It starts when you describe what you want to study — in plain language, the way you would explain it to a colleague. AITP takes that description and turns it into a bounded research topic with a clear question, scope, and validation plan. You don't need to learn any special commands; just talk.

Once the topic is set up, your AI agent does the actual research work — gathering sources, reading papers, sketching derivations, or running benchmarks — inside a layered protocol that keeps every piece of evidence traceable. Exploratory notes and tentative claims stay clearly labeled as such. Nothing gets promoted to "trusted" status just because the agent sounds confident.

When the work reaches a natural checkpoint, AITP presents what it found, what gaps remain, and whether the results are ready for your review. You decide what gets promoted to reusable memory. This is the human gate — the agent executes, but you own the trust decisions.

Everything is durable. You can close your laptop, come back days later, say "continue this topic," and the agent picks up exactly where it left off — with full context of what was done, what was decided, and what is still open. For the full experience, see docs/USER_TOPIC_JOURNEY.md.

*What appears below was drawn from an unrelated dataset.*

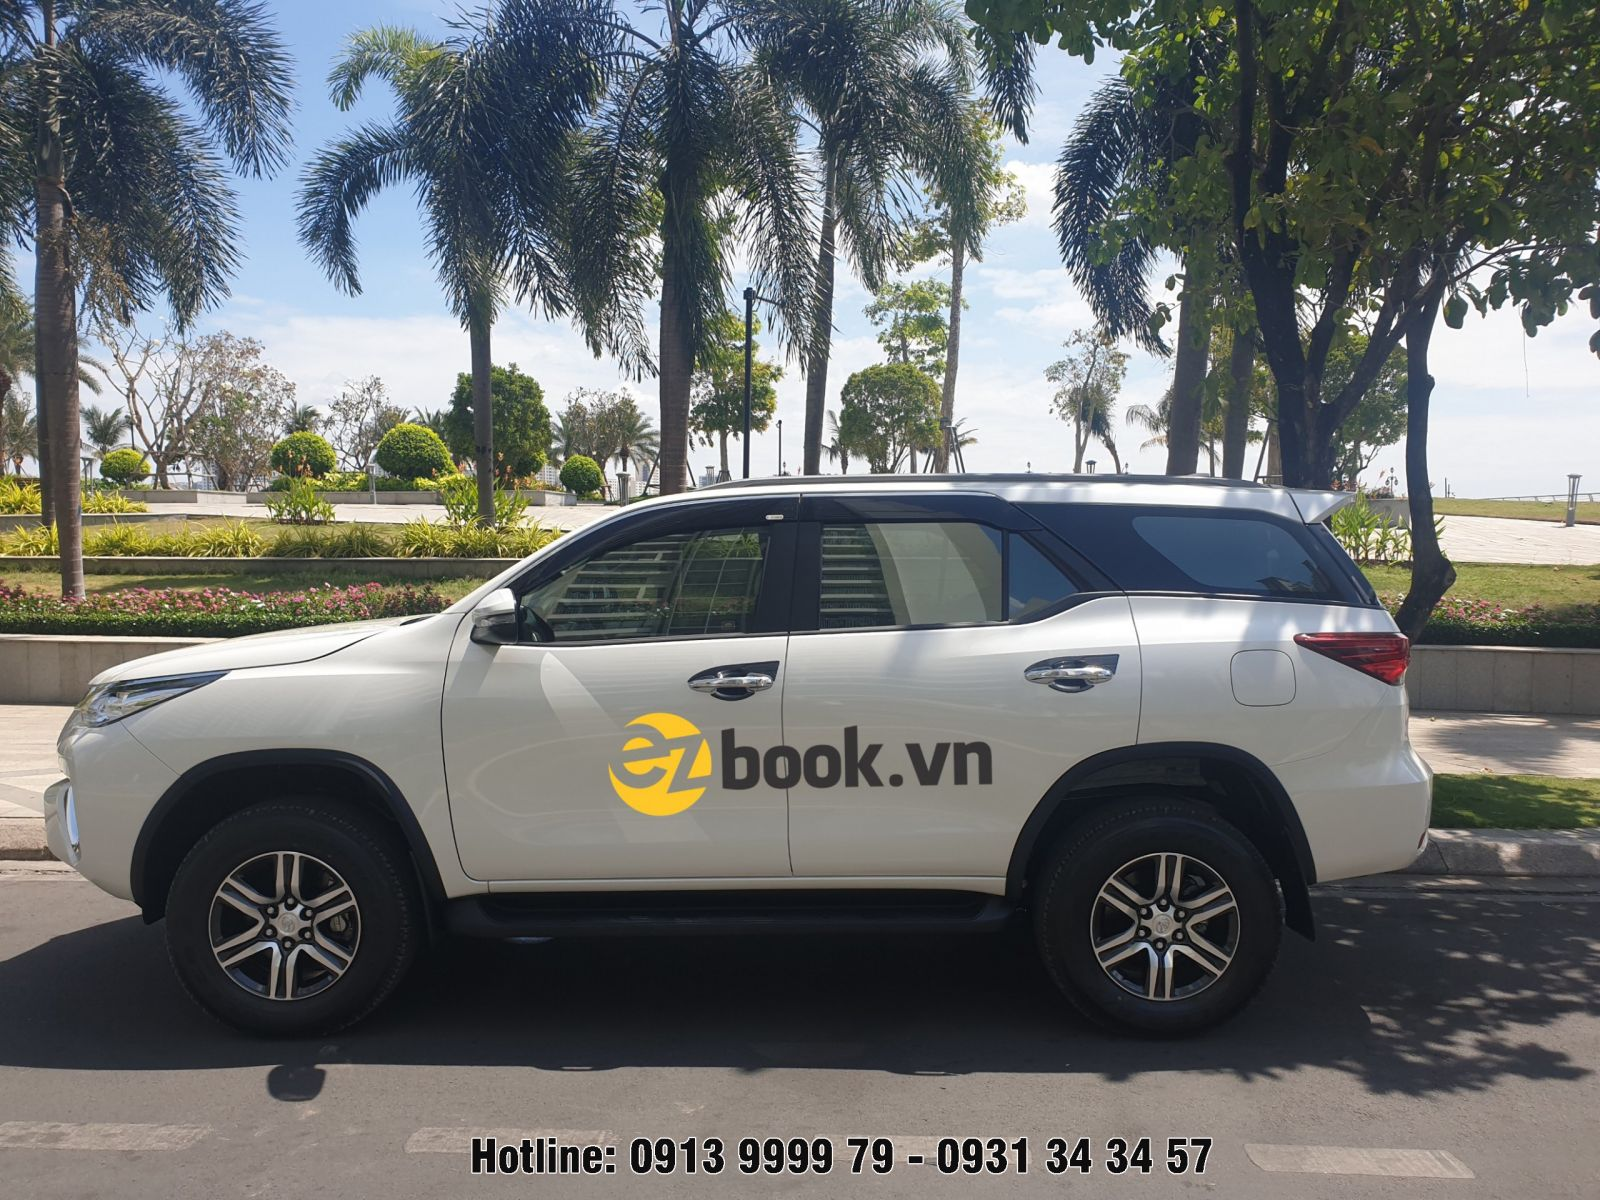 Dịch vụ thuê xe giá rẻ Ezbook.

Protocol and Current Implementation

This repository contains both:

the AITP research protocol
the current public reference implementation of that protocol

The protocol is the durable contract: layers, trust boundaries, promotion rules, runtime artifacts, and the rule that evidence stays separate from conjecture.

The implementation is what you actually run today:

the installable kernel under research/knowledge-hub/
the aitp and aitp-mcp entrypoints
the runtime scripts and topic-shell materialization
the current Codex / OpenCode / Claude Code / OpenClaw front doors

The important boundary is:

the protocol is the durable model
the current Python kernel and front-door integrations are one implementation of that model

Another implementation would still count as AITP only if it preserves the same layer semantics, durable artifact model, evidence boundaries, and governed promotion into trusted memory.

Installation

Kernel Install

python -m pip install aitp-kernel
aitp --version
aitp doctor

Then install the platform adapter you use:

Codex (recommended)

aitp install-agent --agent codex --scope user

See .codex/INSTALL.md for details.

OpenCode

Add to your opencode.json:

{ "plugin": ["aitp@git+https://github.com/bhjia-phys/AITP-Research-Protocol.git"] }

See .opencode/INSTALL.md for details.

Claude Code

aitp install-agent --agent claude-code --scope user

This path now installs both the SessionStart bootstrap and the native Claude Code AITP MCP registration.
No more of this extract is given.